Do kids seem to be ruder and more ill-mannered than ever?

Some say today's typical young child is mannerless. Why, in a culture with a tradition of graciousness, altruism and an outgoing resolve to do for others, do children suddenly come across as lacking manners?Two examples:

- Eight preschool children sit together at lunch. Two fruit trays grace the table. Each has several kinds of fruit to choose from. One child stands up, leans across the entire table and grabs all the grapes off both plates with both hands. He spills three glasses of milk into the laps of his friends. He neither says "I'm sorry," nor does he make a move to help clean up.

The essence of manners is to put other people before ourselves. That's the element that seems to have suddenly evaporated. The new trend is "me first" - before anyone and everything.

Removing the offending child from the table and taking his plate away until the other children have finished will teach him to think about being first all the time.

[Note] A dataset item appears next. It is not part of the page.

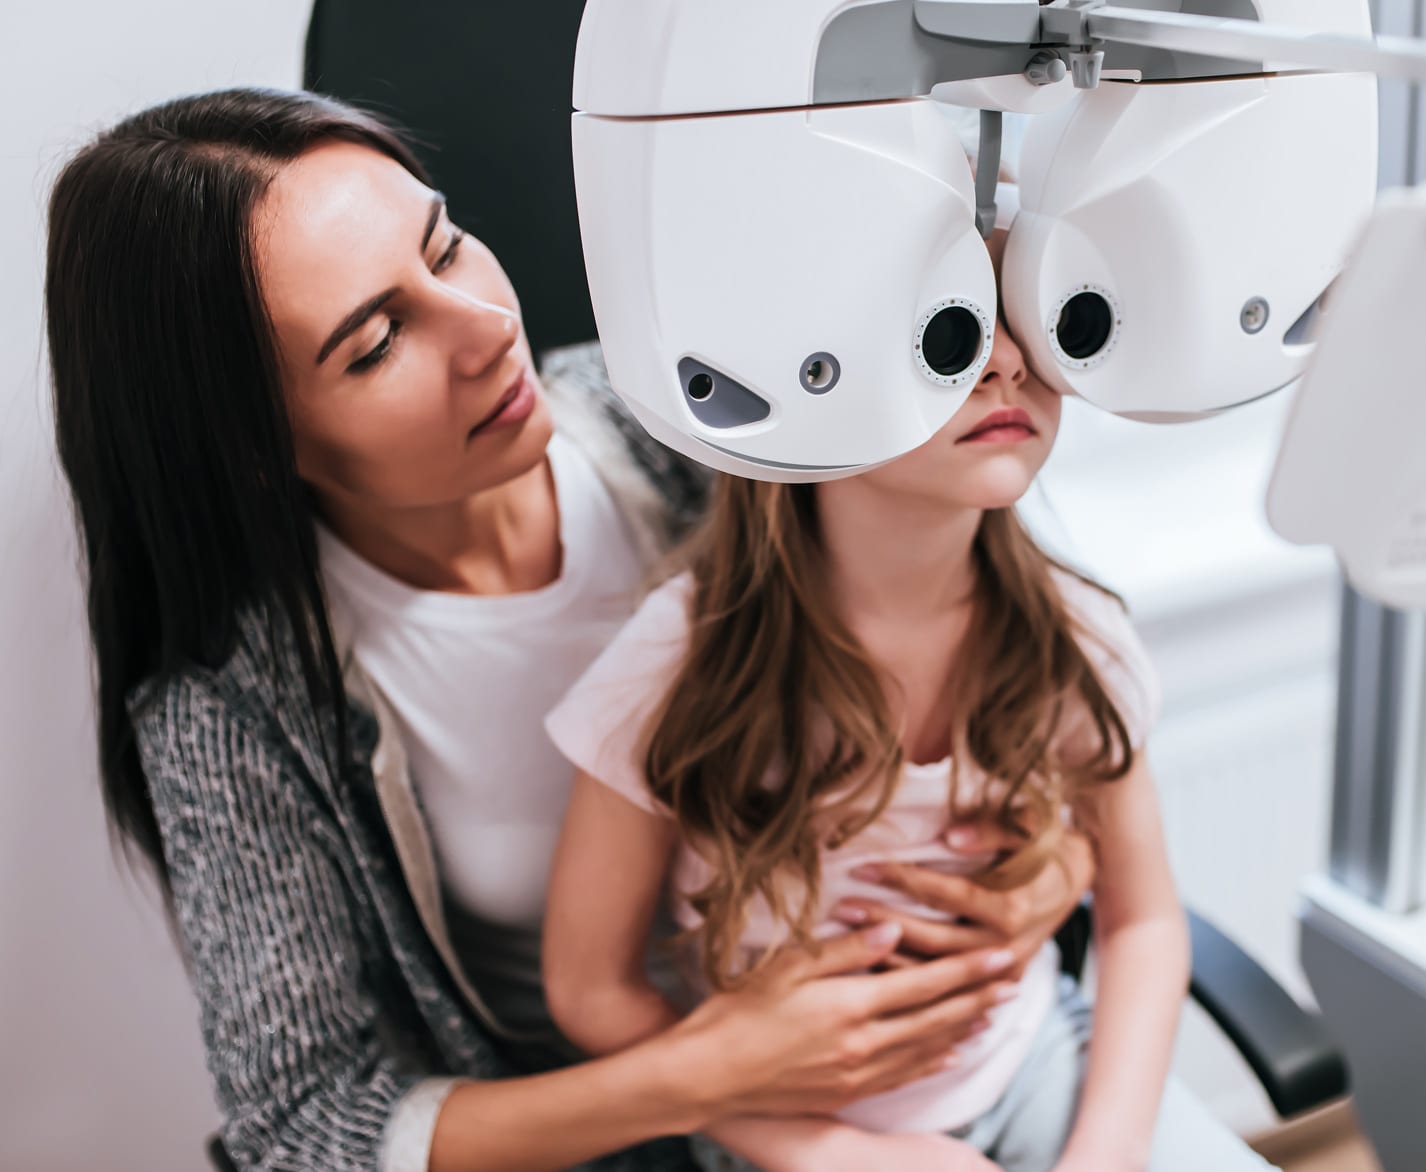 eye exams for children: what parents need to know

- In a crowded fast-food restaurant, a child screams for what he wants. Because mom isn't listening, he kicks her. Mom cowers to his needs. Does her response help him understand anything but "me first?" If mom had corrected the child with a single embarrassing moment, a quick swat and a fast trip home empty-handed, he might have learned something: The cost of assaulting mom is a great big loss for him.

Bad manners are not learned. Bad manners are natural, selfish impulses that children are allowed to have. It's not a matter of training; it's a matter of adult neglect.

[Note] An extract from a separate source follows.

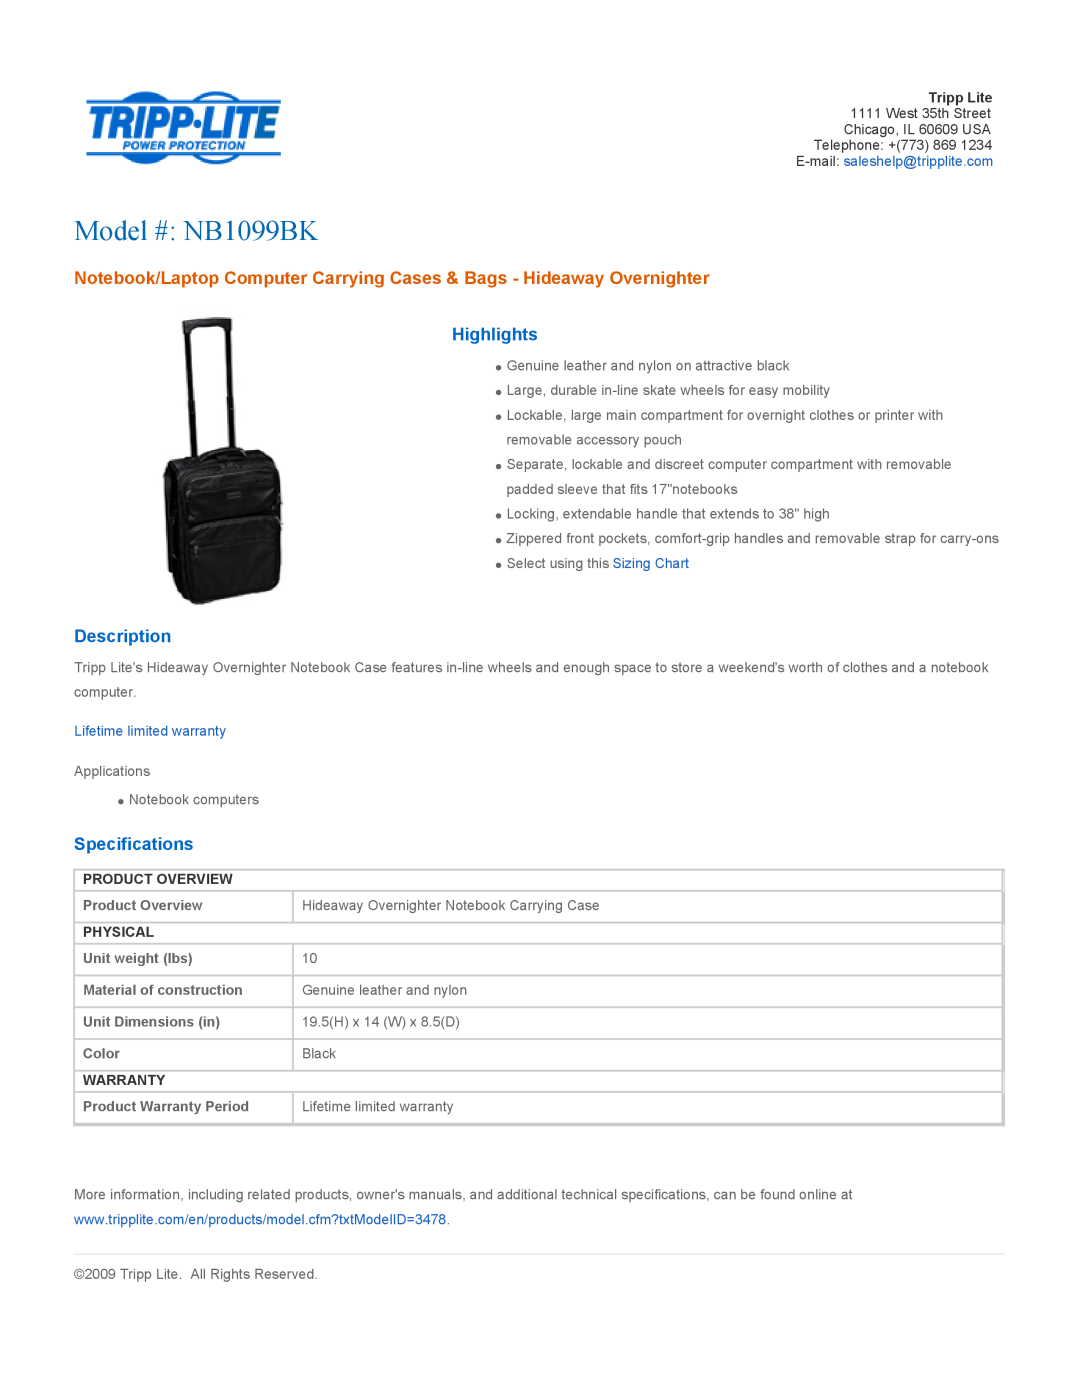 Tripp Lite specifications Model # NB1099BK, Notebook/Laptop Computer Carrying Cases & Bags - Hideaway Overnighter

Curbing poor manners and developing good ones requires placing real limits on the child. A caring adult may have a tug of war with a child to bring about change and to forbid a habitual me-first attitude. It often starts with taking away ordinary things and privileges, and saying "no" a lot.

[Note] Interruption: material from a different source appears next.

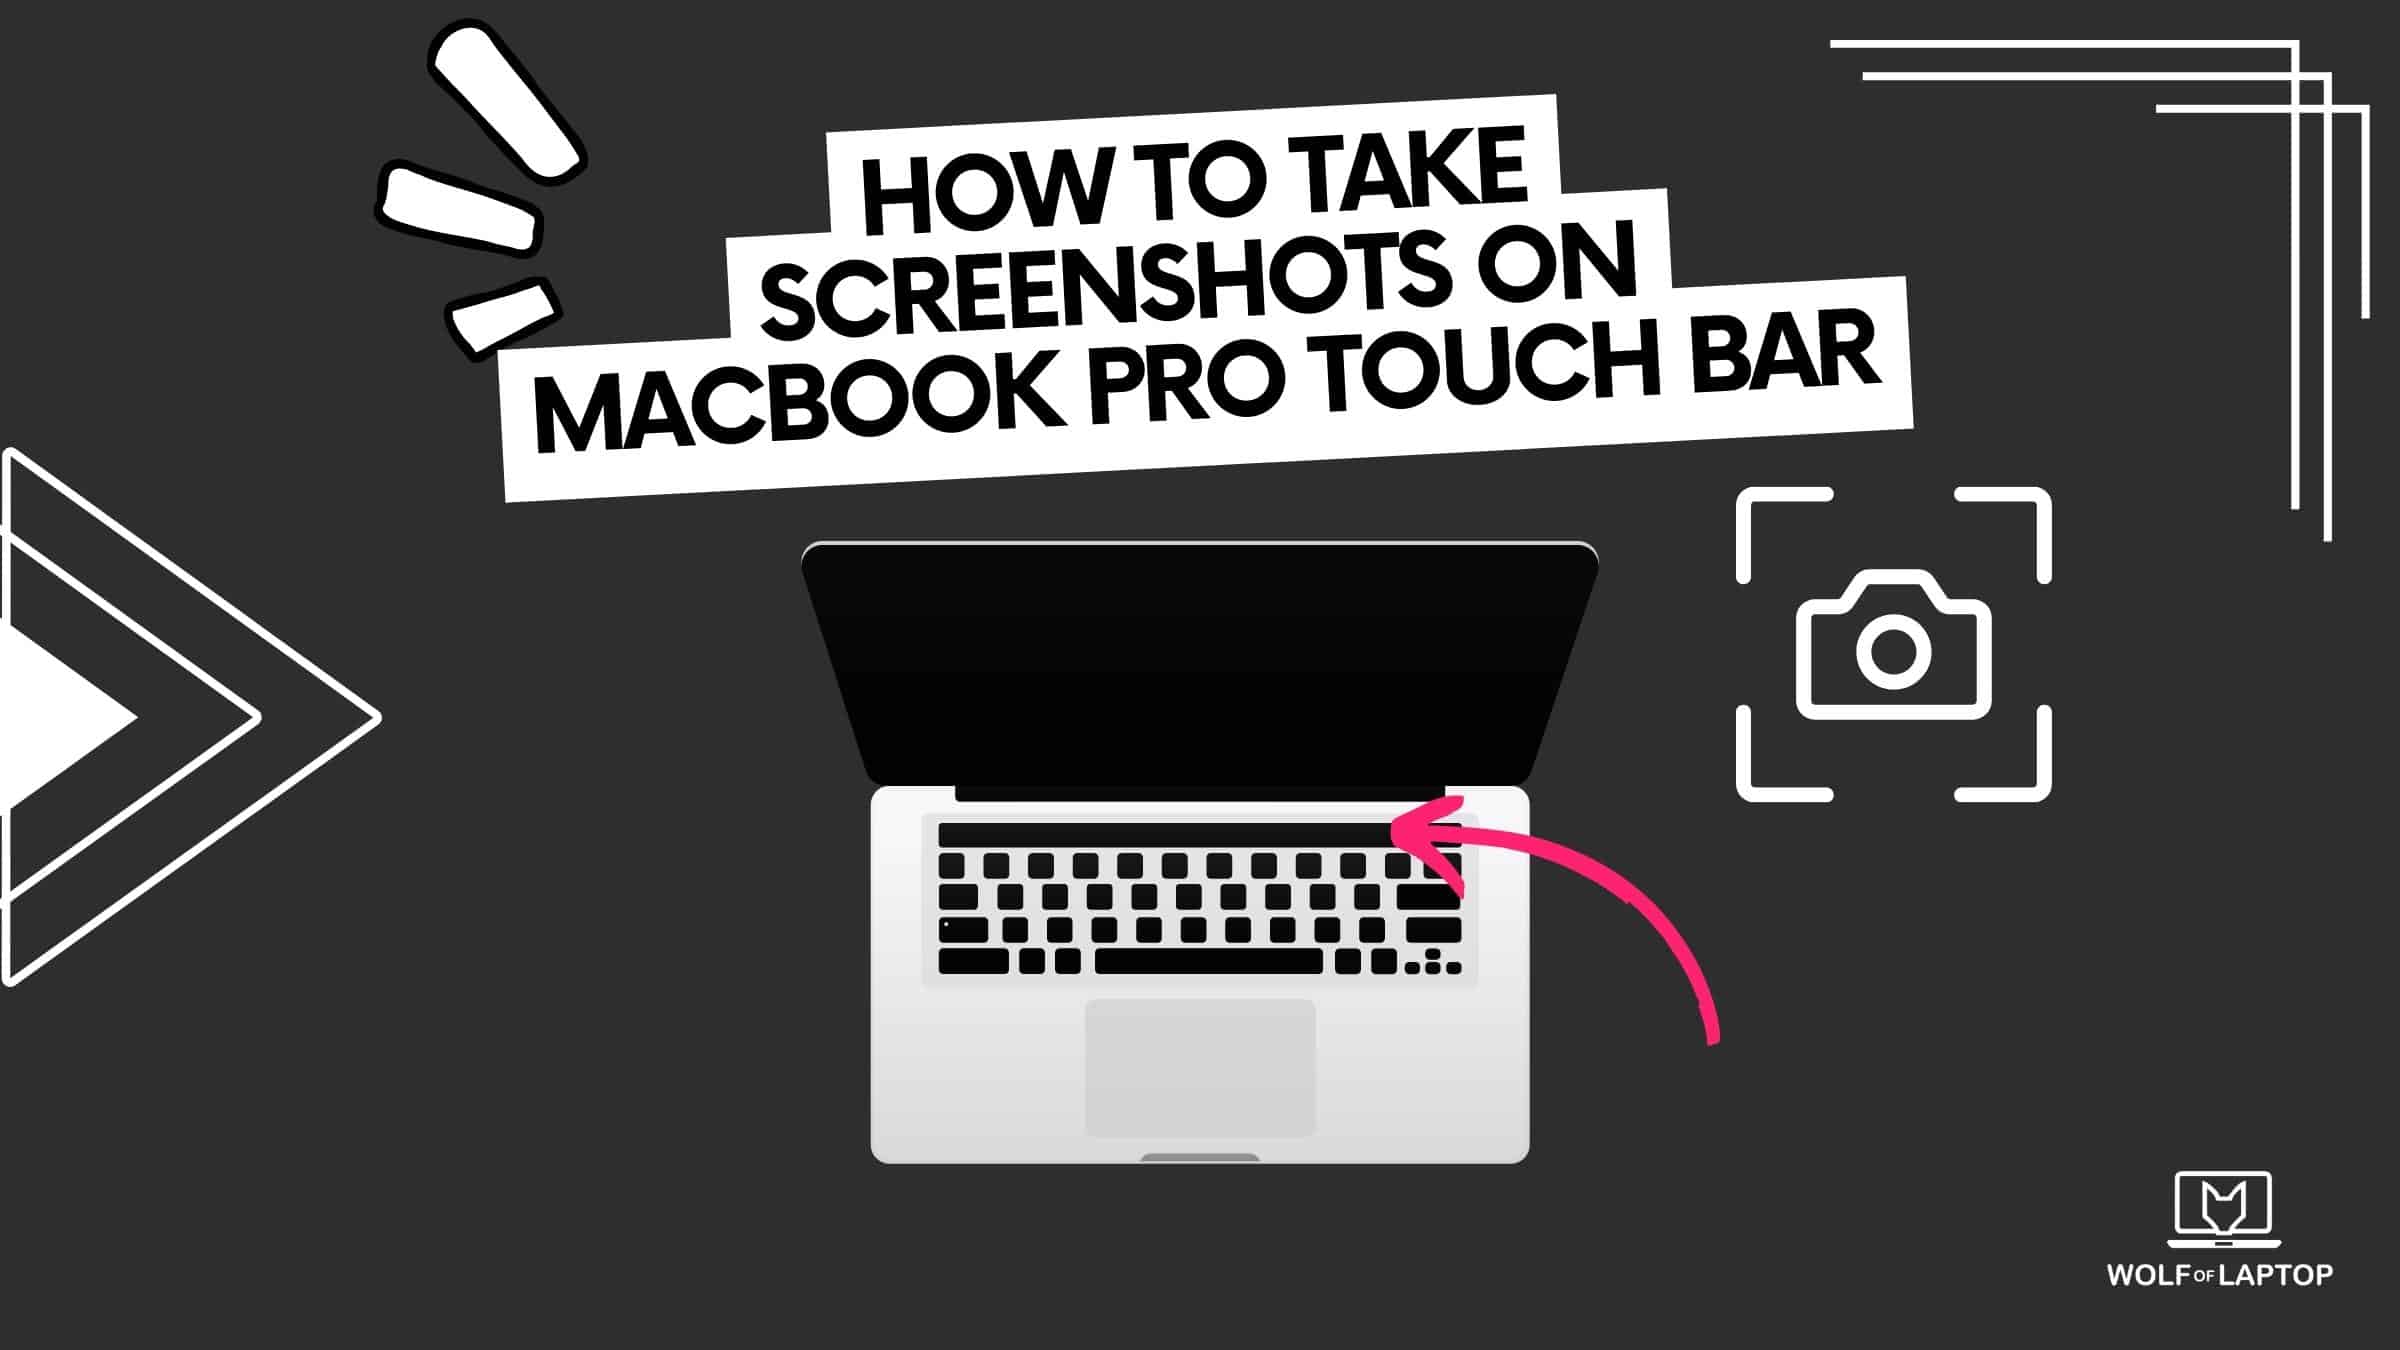 How To Take Screenshots on Macbook Pro Touch Bar - quick and easy guide

Sometimes that's tougher for parents than for children. But teaching good manners is not that difficult. Adults should decide what is appropriate and stick to it. But just telling a child "no" and requiring him to follow certain vague and disconnected rules won't work. Teaching manners goes a lot deeper than words.

Instructing children about the worth of others and showing them how to be gracious and respectful to those they meet, both in public and private, whether they return good manners or not, is a good beginning.

Simple training means always saying "please," "thank you," "I'm sorry," "excuse me."

Teaching manners may begin in the negative with restrictions and consequences, but the outcome is always a big "I love you."